Children and adolescents with AVRT – SVT tends to persist in children who present with AVRT (including WPW) after the age of five years [9].

Children and adolescents with AVNRT – Atrioventricular nodal reentrant tachycardia (AVNRT) is uncommon in early childhood. The development of AVNRT in older children may be due to maturational changes in the electrophysiologic (EP) properties of the AV node. Based on observations from EP studies, it appears that the substrate for AVNRT (dual AV node pathways, with inducible antegrade block in one limb at moderately rapid rates) is likely to be present in adolescents but not in children or infants [38].

DIAGNOSIS

Rapid hemodynamic assessment and initial management — An infant or child who presents with a tachyarrhythmia should have an immediate hemodynamic assessment and a 15-lead ECG (12 standard leads plus leads V3R and V4R [right-sided leads analogous to V3 and V4 on the left] and V7 [left posterior axillary line at V4 level]). Continuous ECG monitoring during therapeutic maneuvers provides insight into the cause of tachycardia and helps in the planning of chronic therapy.

The most important initial clinical determination to make in children presenting with a tachyarrhythmia is whether there are signs of hemodynamic instability, including hypotension, heart failure, shock, or decreased level of consciousness. Unstable patients require immediate intervention to terminate the rhythm (table 3 and algorithm 1). (See "Management of supraventricular tachycardia (SVT) in children", section on 'Acute management'.)

Referral — Infants and children with preexcitation on ECG or documented SVT should be referred to a pediatric cardiologist/electrophysiologist to guide the diagnostic evaluation and to discuss risk assessment and management options.

Urgent referral is warranted for children who present with SVT associated with any of the following:

Syncope

Heart failure

Incessant tachycardia

Other concerning cardiac finding (eg, depressed ventricular function on echocardiogram)
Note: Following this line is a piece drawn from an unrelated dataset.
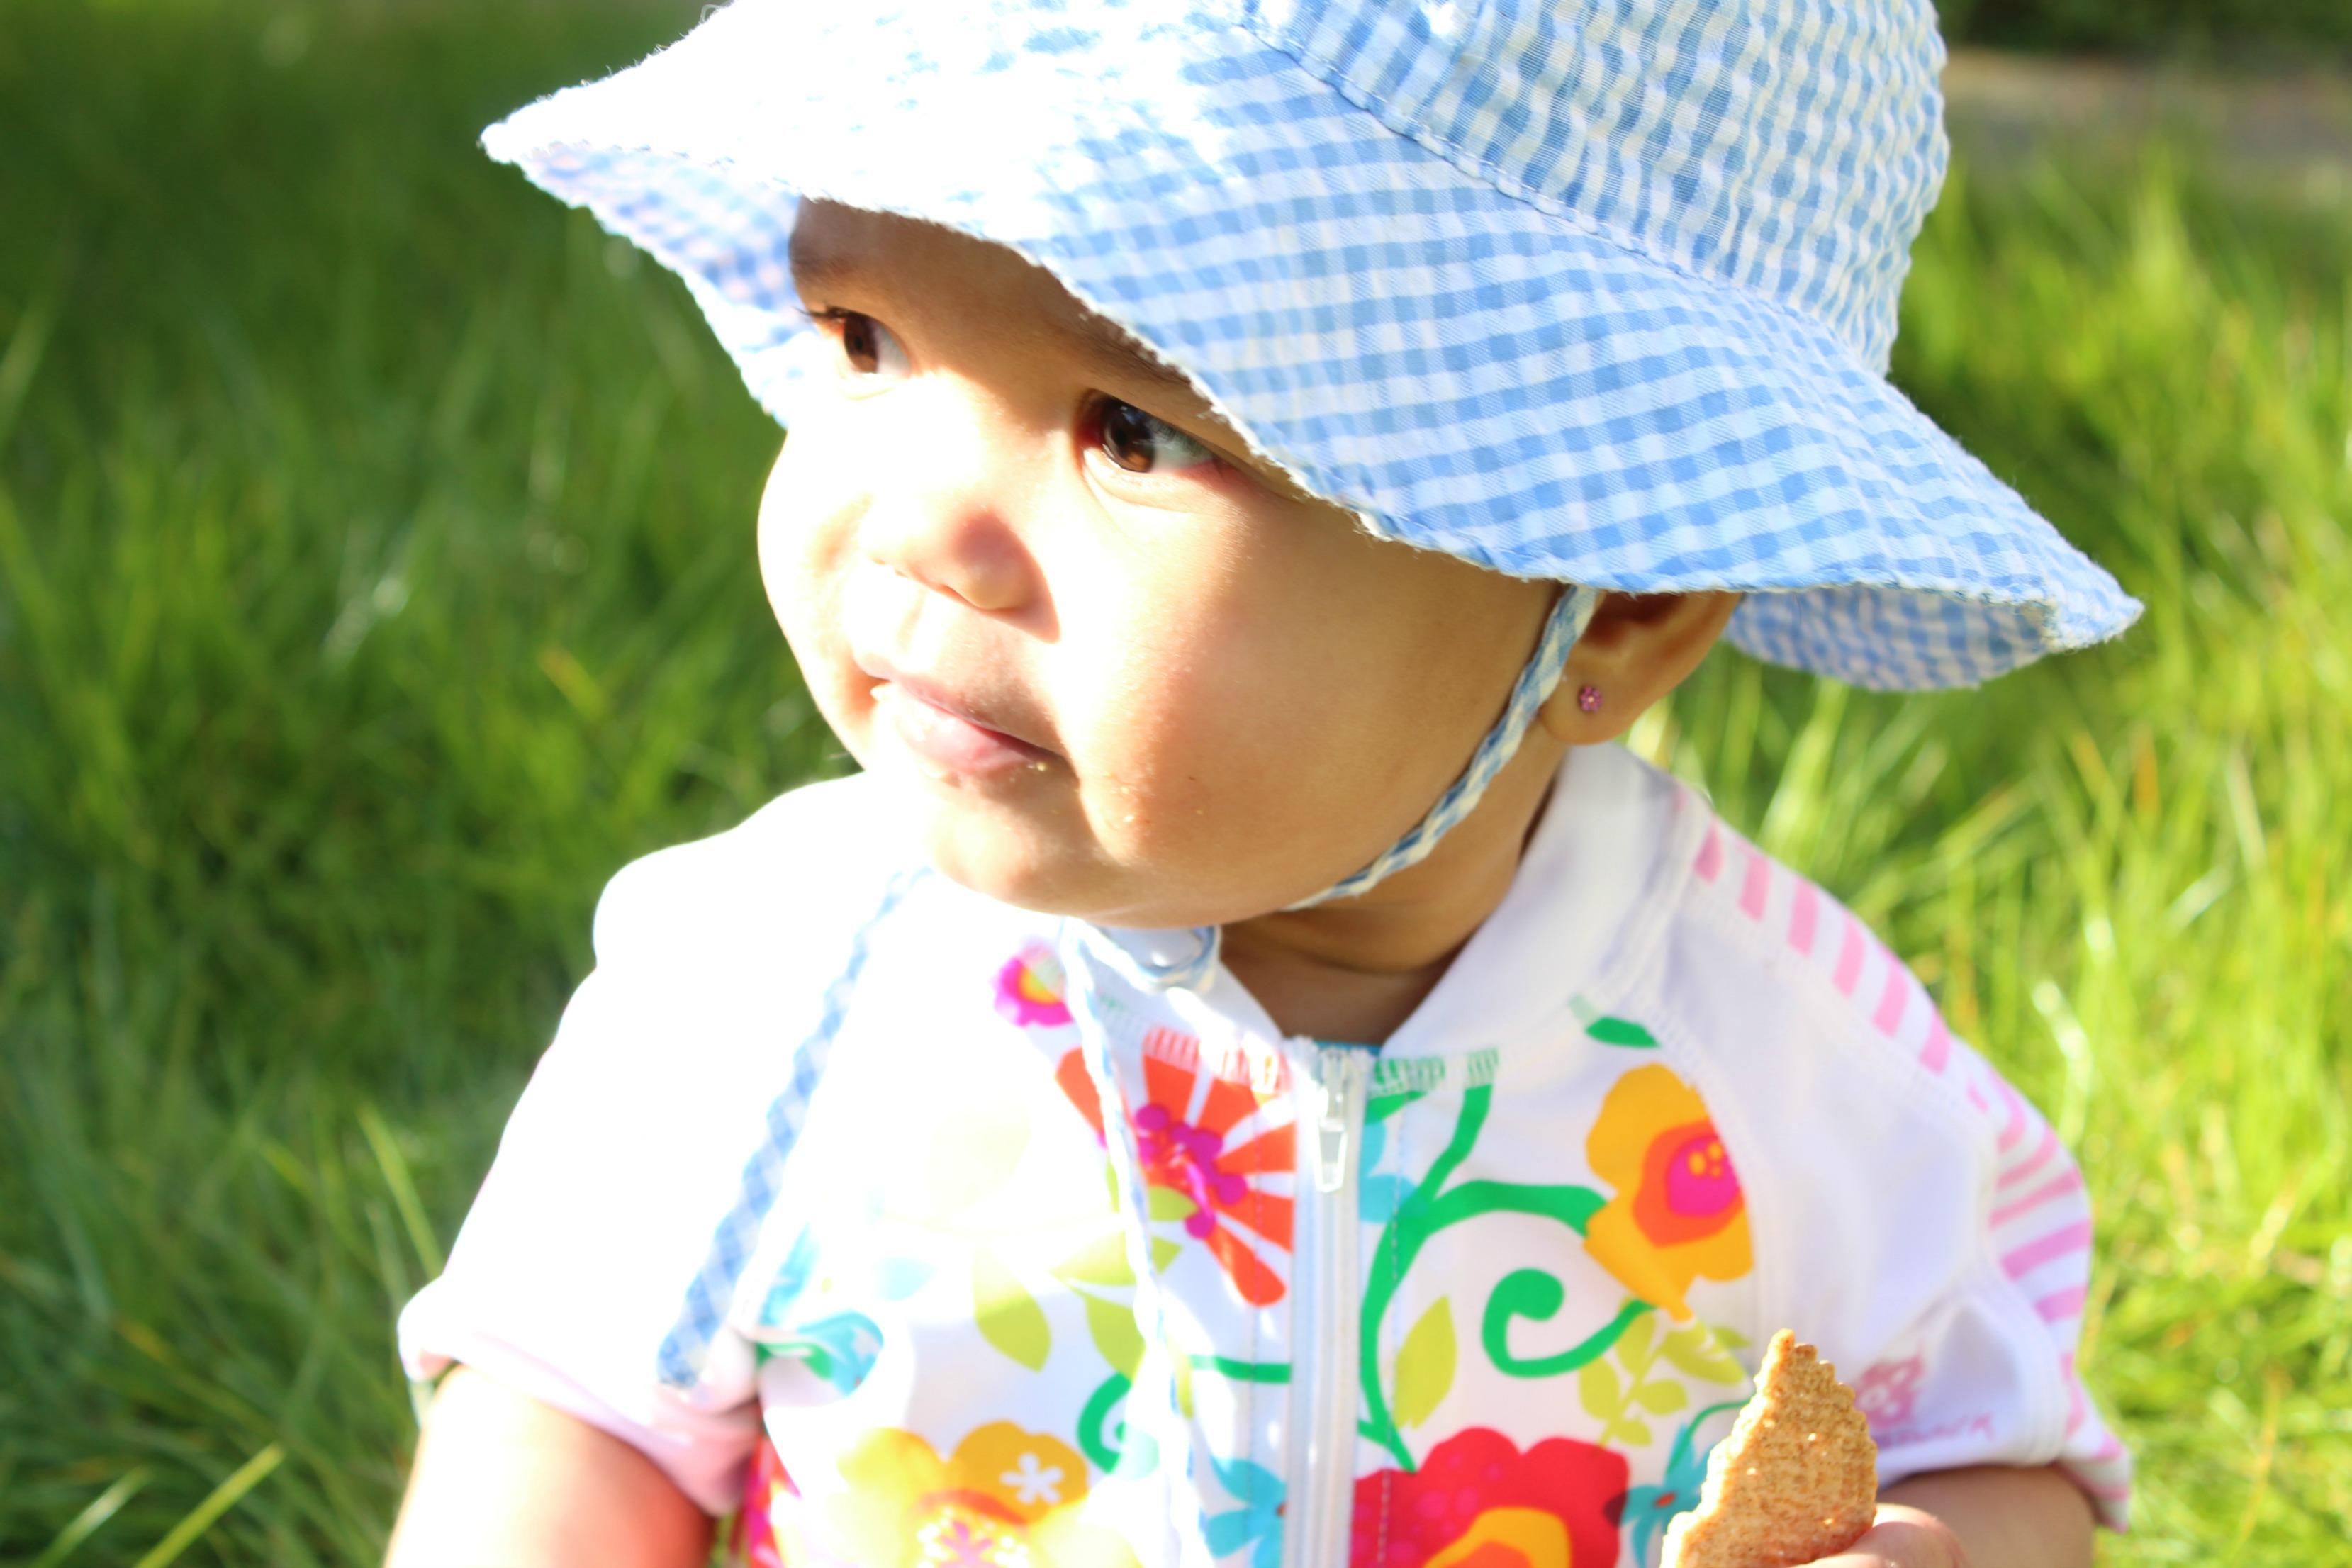 De beste tips om je kinderen tegen de zon te beschermen-GoodGirlsCompany

For children without any of these concerning findings, initial management should optimally include discussion with a pediatric cardiologist. However, the referral can be done electively on an outpatient basis if there are no urgent concerns.

Electrocardiogram — The ECG can help determine the mechanism of tachycardia:

ECG during SVT – During SVT, the ECG exhibits a regular rhythm (ie, no variation in the RR interval) with a rate that is usually 220 to 280 beats per minute (bpm) in infants and 180 to 240 bpm in older children (waveform 2). In most cases, the QRS complex is narrow (<80 msec) [2]. An exception is antidromic atrioventricular reentrant tachycardia (AVRT), which is associated with a wide complex tachycardia (figure 6 and waveform 3). Antidromic AVRT accounts for <5 percent of cases of pediatric SVT. (See 'Orthodromic versus antidromic' above.)

Narrow QRS complex tachycardia – Orthodromic AVRT and AV nodal reentrant tachycardia (AVNRT) together account for >80 percent of SVTs in childhood. Distinguishing between these two entities can be challenging since both typically have a narrow QRS complex. The following criteria are useful in making this distinction (algorithm 2) [39]:

-When P waves can be discerned, the distance from the R wave of one QRS complex to the P wave following it (RP interval) has diagnostic utility. An RP interval ≥100 msec is more characteristic of AVRT than AVNRT (73 versus 6 percent of cases).

-Incessant or nearly incessant SVT with an extremely long RP interval and a P wave axis that is directed superior (negative in leads II, III, and aVF) is seen in permanent junctional reciprocating tachycardia.

-When P waves cannot be discerned, they are usually buried in the QRS complex, which is typical of AVNRT. A P wave that falls just at the end of the QRS complex may distort that complex in such a way as to create a small "pseudo r' wave" in lead V1 or a "pseudo S wave" in the inferior leads. If such terminal r' or S waves are not present during sinus rhythm, their appearance during SVT can be assumed to be diagnostic of AVNRT (figure 10).

Wide QRS complex tachycardia – Wide QRS complex tachycardia should generally prompt consideration of ventricular tachycardia (VT). However, in children, most wide QRS complex tachycardia that occurs with a regular rate represents SVT, not VT. SVT can have a wide QRS complex if the mechanism is antidromic AVRT (figure 6 and waveform 3) or if there is aberrant conduction (eg, functional bundle branch block or "bundle branch aberration") [2,40]. Some patients with orthodromic AVRT begin with wide QRS complexes secondary to bundle branch aberration, which then resolves to a narrow QRS complex tachycardia. (See 'Antegrade versus retrograde' above.)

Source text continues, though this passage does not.